I haven’t had a ton of other food aversions, besides, well… everything. I haven’t wanted to eat anything because I’ve felt so awful. Things that have sounded particularly terrible are chicken, oh and sweet potatoes! Back in January when I had this 48 hour flu bug, I had been eating a bunch of sweet potatoes before and couldn’t stand the sight of them after that sickness. Since then, the aversion has just become worse.
No real cravings either, other than tons of fruit. Smoothies. Ice cold things, but not ice cream. I don’t want anything sweet, like chocolate or dessert at all. See the above where I only wanted fruit-flavored froyo with no toppings! SO weird. Um and the only real embarrassing thing I’ve been crazy? The Pittsburgh-style salads. Like grilled chicken or steak salads with tons of iceberg, piled high with cheese and French fries and covered in Italian dressing. I mean, GROSS right. May as well just order a cheeseburger. But. I only had one once… last week. Ha! I think that got me over it.
ALSO. I have to tell you about this weirdest thing. I have been wildly… irritable. SO irritable. And not with people, but with THINGS! Like, what? For the first three months, I’ve hated having my hair down and having any jewelry on. If I heard certain songs and music, I basically LOST my mind. I couldn’t stare at a screen. I couldn’t watch TV. Gilmore Girls annoyed the heck out of me. The only thing that keep me from losing my mind and puking at the same time was READING.
Guys. I freaking read 13 books in a matter of weeks. It was ALL I would do when I wasn’t working. I could watch an hour of our favorite shows or something, but couldn’t watch Sunday night TV for 2 or 3 hours. On the weekends, I would spend about 6 to 8 hours locked in our room working on my manuscript, and the rest of the time when I wasn’t playing with Max, I’d read if we weren’t out and about.
From the time Max went to sleep around 630-730, I would start reading and read well until the night. One of the early signs that I thought I *might* be pregnant was because that crazy insomnia came back that I had early on with Max. For the first few weeks, I would go to sleep and wake up at 2am and be up until 5 or 6. So some nights I would just read from 7 until 12 or 1. Some nights I read entire books in one sitting after he went to bed and while Eddie was working or sleeping.

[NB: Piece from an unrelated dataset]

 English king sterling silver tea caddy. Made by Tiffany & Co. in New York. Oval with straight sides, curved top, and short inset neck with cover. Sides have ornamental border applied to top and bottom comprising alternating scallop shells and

It was crazy!
Once I finished reading so much and was spending time working on the book, there were nights when I was going to bed at, um… 730. Basically with Max. Sometimes 830. Pretty sure there was a Saturday night here and there when I went to bed at 8 after working on the book from 12 to 7. I WAS REALLY A BALL OF FUN! Max had a ton of dada time on the weekends while I finished up the book.

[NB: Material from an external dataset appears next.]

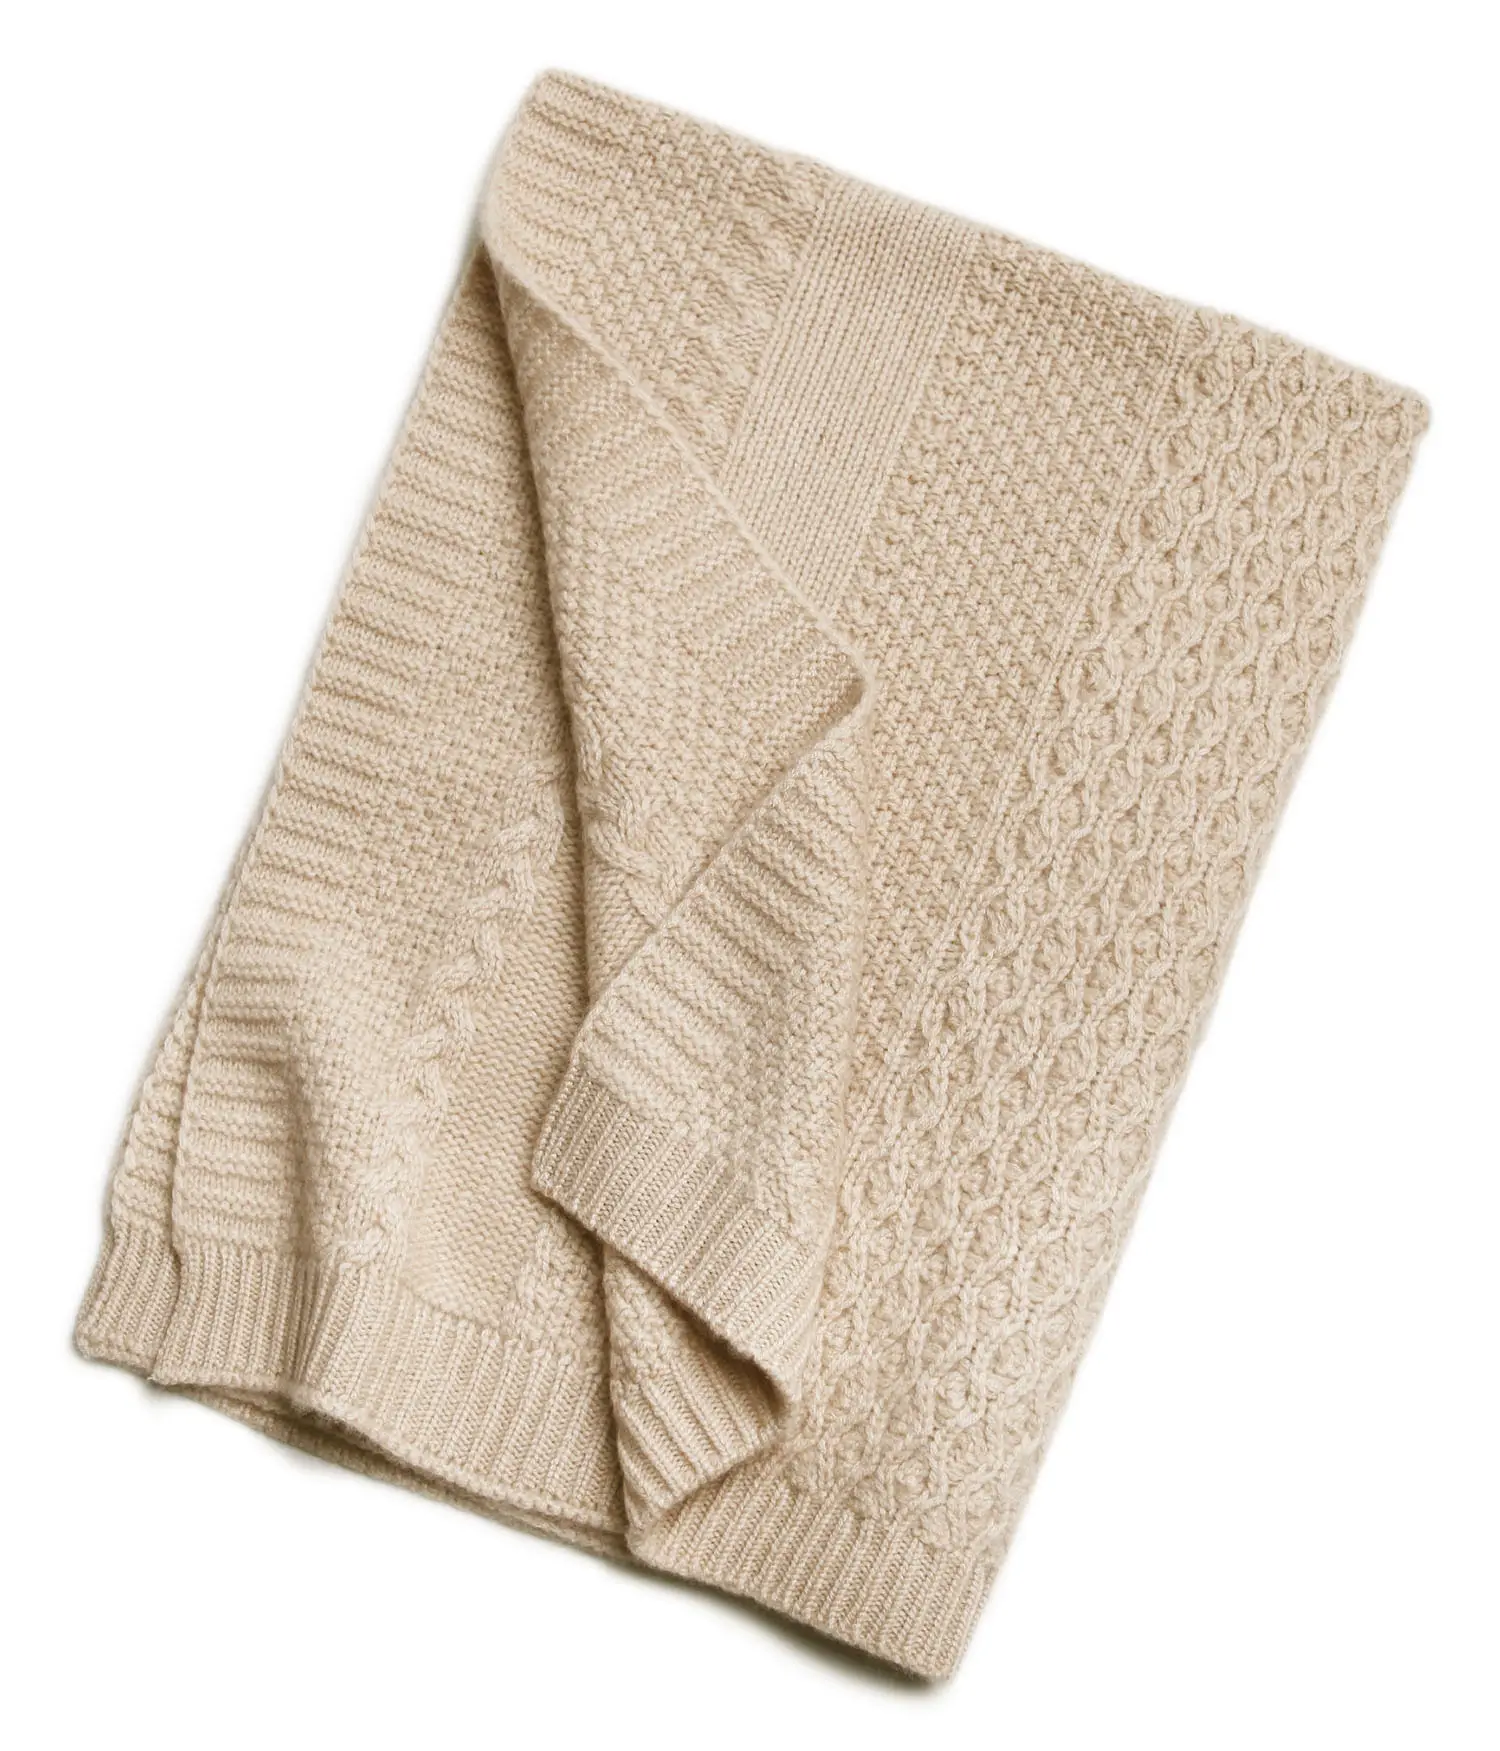 Winter cable weighted honeycomb design luxury thick knit baby cashmere infant throw blanket swaddle

In more pregnancy clichés, I feel like I started showing a lot earlier this time around. And right now, my bump is around the size it was when I was 20 weeks pregnant with Max. Eeep. I love it.
The kitchen remodel has been a blessing and a curse. After so much cooking and recipe development over the last few months, it was amazing to just be OUT of the kitchen and away from all that food while I felt so sick. But also, coming up with dinner was torturous because nothing sounded good. I actually am still having a tough time coming up with dinner ideas each day (of course, since the kitchen is taking weeks longer than I was told), which is frustrating. But also, okay, since I have to make dinner and feed another little mouth in this house!
Okay! Other than all that jazz… I think I’m done. 1962 words later, per usual. Glad to know we’re right on track! Thanks for reading all my wordy rambles. You guys are the best. We’re so excited!